Vet.K Style Aquarium 雑文のFILE
2012.01up

ベタとの闘い  

好きなんだけど、どうも飼うの苦手なんだよな〜、というお魚や、どうしても育たねぇ、てな水 草というのはアクア歴を重ねるにつれて傾向が出てくるんだと思います。維持スタイルだったり、水質だったり、環境温度だったり。どうしても仕方ない部分はあろうかと思います。

で、私、どうしても長期維持できないお魚の代表が、ベタ、なのです。そう、あのちっちゃい小瓶で売られているあのベタです。

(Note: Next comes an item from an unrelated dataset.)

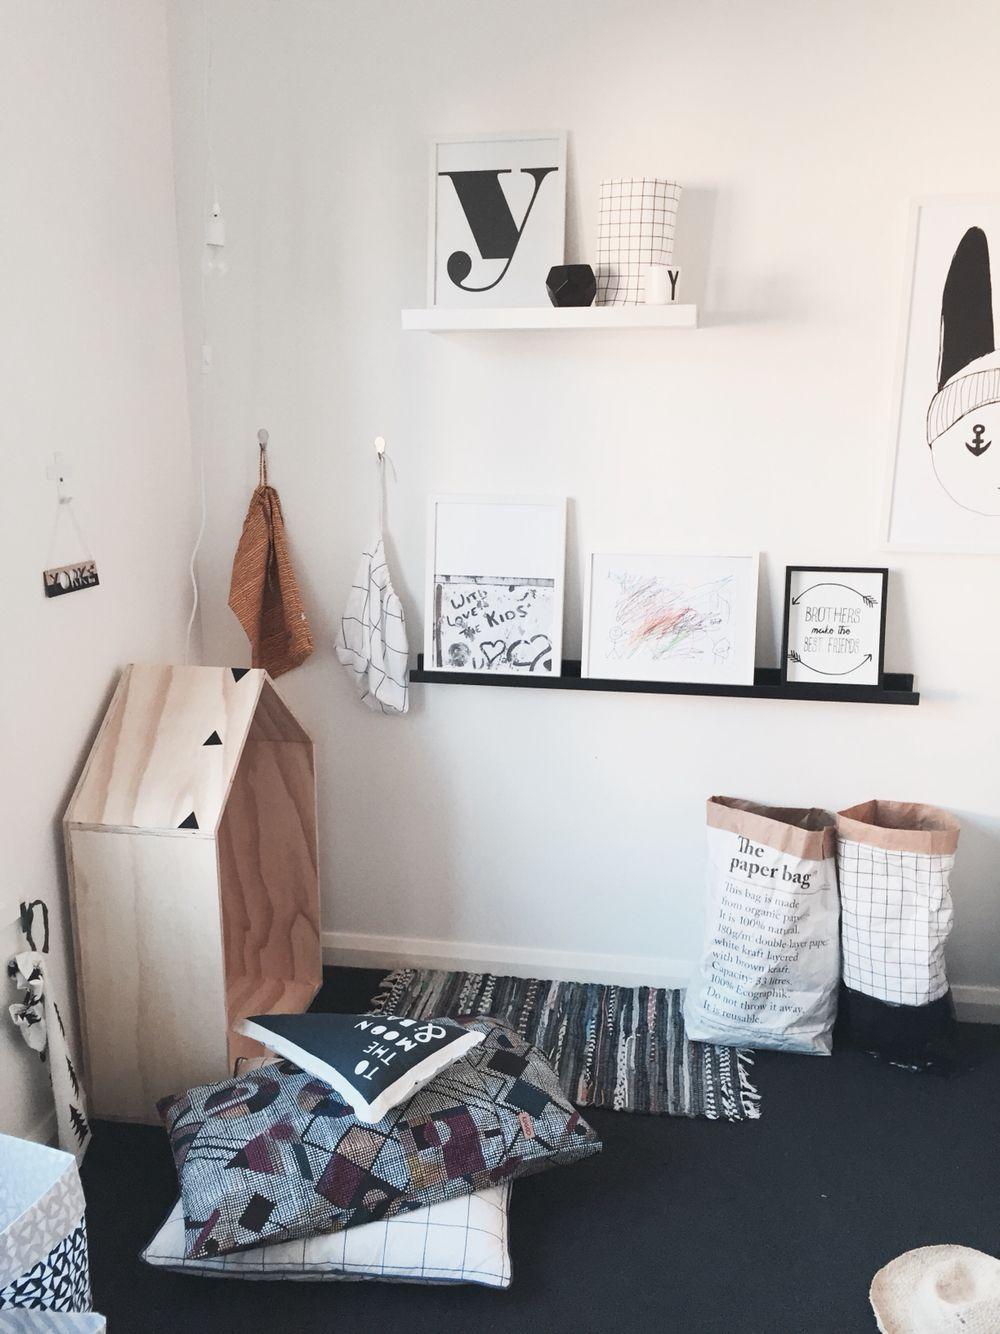 Minimalist boys interior style, using Yorkelee kids wall art prints, shop online, prints starting at $7. Yorkelee.com.au
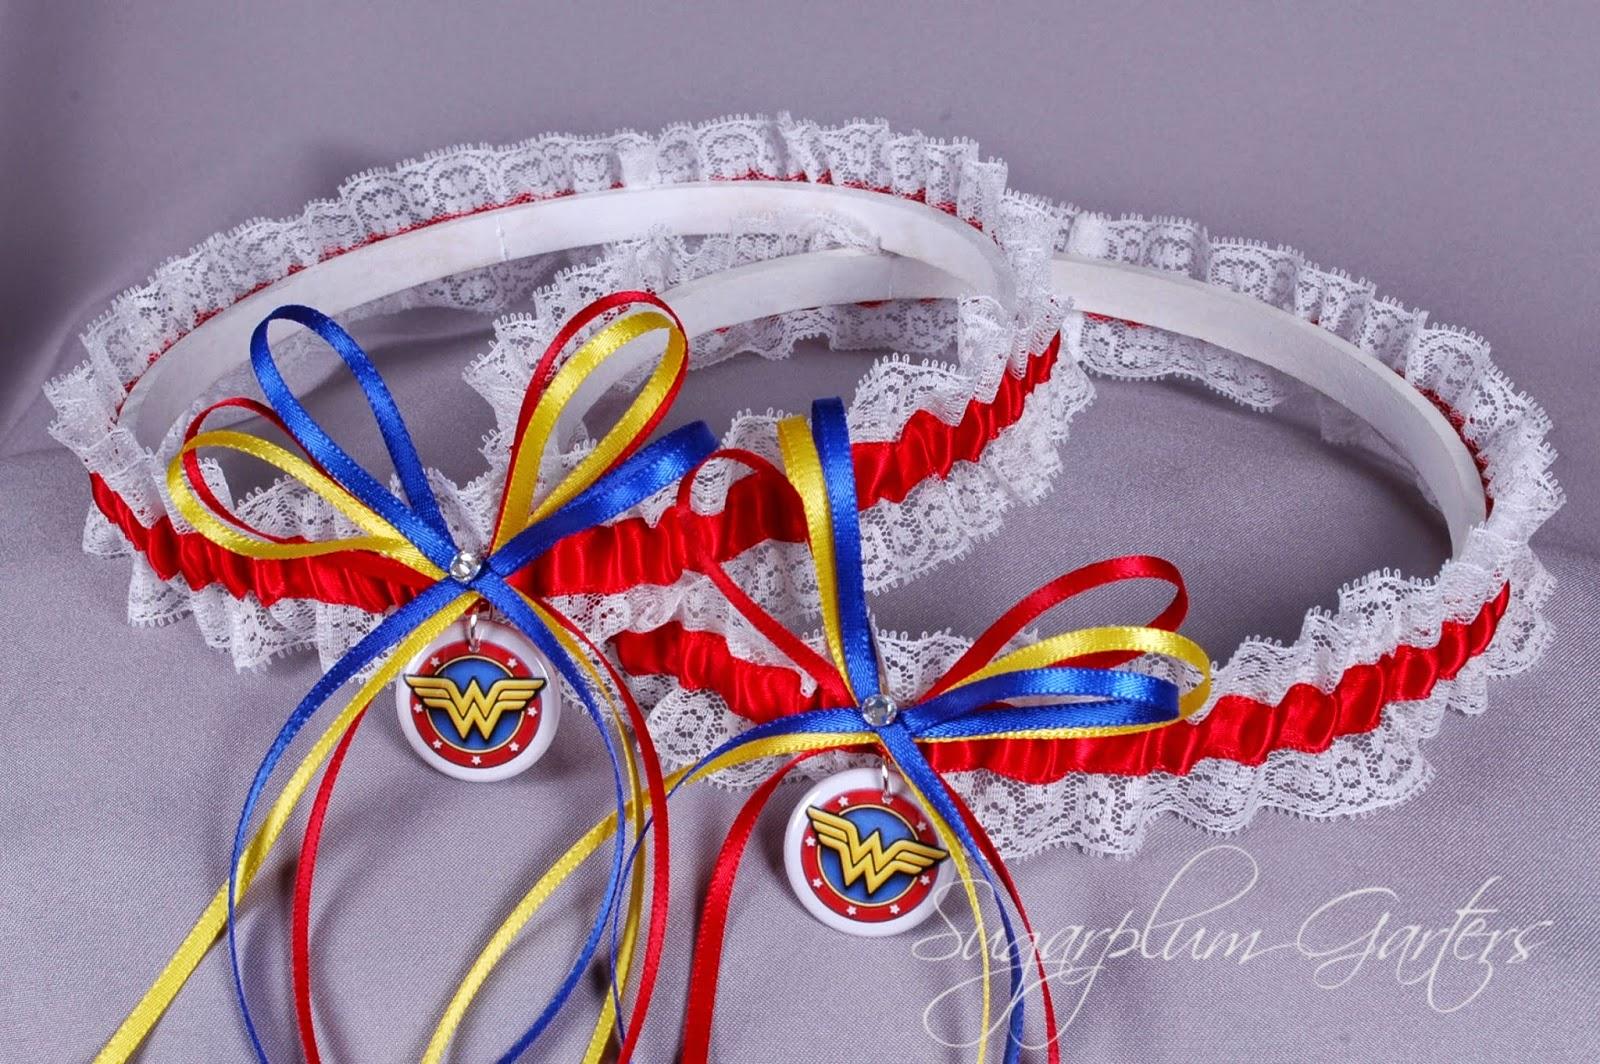 Wonder Woman Lace Wedding Garter Set by Sugarplum Garters

温和な小型魚混泳の水草水槽のメインフィッシュとして、何度かご登場をしてもらったのですが、ことごとく失敗してるんですね・・・。

もうね、頭の中では、構想がばっちりなのですよ。まばゆく光合成する水草水槽のなかでディープレッドホタルテトラの群れを軽く威嚇しながら優雅に泳ぐ青プラチナ色のベタ。水さえ入っていないように磨き上げられたガラス水槽。命を吹き込む直進的なライトの明かり。暗い部屋の一角の光ゆらめく小宇宙の前でワイングラスを傾けながら癒される俺。もちろんその隣には・・・あ、いえ、何でもありません。アクア歴ですら20年なんだから

妄想癖もそろそろ落ち着け>俺。

 

とまぁ、ベタ難しいなぁ、と思い込み、憧れつつもベタを避け続けて数年。ふと立ち寄ったアクアショップでいい感じの青プラチナ色のベタに出会ってしまい、これが最後のチャレンジとばかり連れて帰りました。そして避け続けた理由も思い出しました。

ベタ

その理由 → え、エサくわねぇ。

そうか。思い出したわ。苦手な理由。エサ食わないのよ。小魚まっしぐらのエサを、こいつは口にくわえては吐き出しよる。そのうちあきらめて食うやろ、と思っても連日吐き続ける。ぐわぁぁぁ。これはマズイ。こ、これ、いつものパターンのやつや! 気をつけなはれや!(風化してたらそれはそれで新鮮なフレーズでしょう。きっと。)

なにせエサ食わねば話にならん、と、再びアクアショップへ。そこにはショップでよくみる、赤と黄色のデザインの袋に入ったベタのエサ(以降よくみるエサ)。これ前はアカンかったのよね〜、と思いつつ、とりあえずひとつ購入。ついでに帰宅途中にある別の店舗にも顔を出すと、よくみるエサの横に見慣れぬフレークタイプのベタ向けのエサが置いてます。とりあえず、こっちも試してみますか、とこれも購入。さて、グルメ(ないしは極端な偏食)のベタは気に入るのか?

ベタ
(左)よくみるエサ(モザイク処理済み) (右)トリオコーポレーション ビバリア ベタ用基本フード

 
まずは、よくみるエサ。一粒えいやっと。お。食いよった。吐かねぇ。ベタがこれ食べるのはじめてみたわ。(メーカーさんすいません。)

ひとまず安心と数日続けたところで、もうひとつのエサが気になり出し、開封。おお。やっぱりフレークタイプ。エサくれ、と、なついてきた口元へえいやっと。お。こっちも食いよった。これもええ感じやないか、よしよし、と、ご機嫌ついでによくみるエサも一粒えいやっと。・・・ん?

は、吐き出しよった〜〜〜!!!

それ以降、よくみるエサを食べることはなかったと、さ。(ホント、メーカーさんすいませんすいません。)

そのまま青ベタは食いつきよくもうひとつのエサを食べ続けています。一安心どころか食べ過ぎたせいか転覆病まで発症する始末。あああああっ(T_T) ※獣医師の懸命の治療(3日間の断食療法)にて完治

ボララス

青ベタは今日も元気にエサくれダンスをしております。ディープレッドは相変わらず臆病で群れごと水槽の奥に消えます。クリプトが申し訳程度に植わっているガラス水槽はメンテ不足で、白い汚れが目立ちます。そしてその前で、私は発泡酒を傾けるのです。第3のビールまでは手を出すまいという小さなプライドを胸に。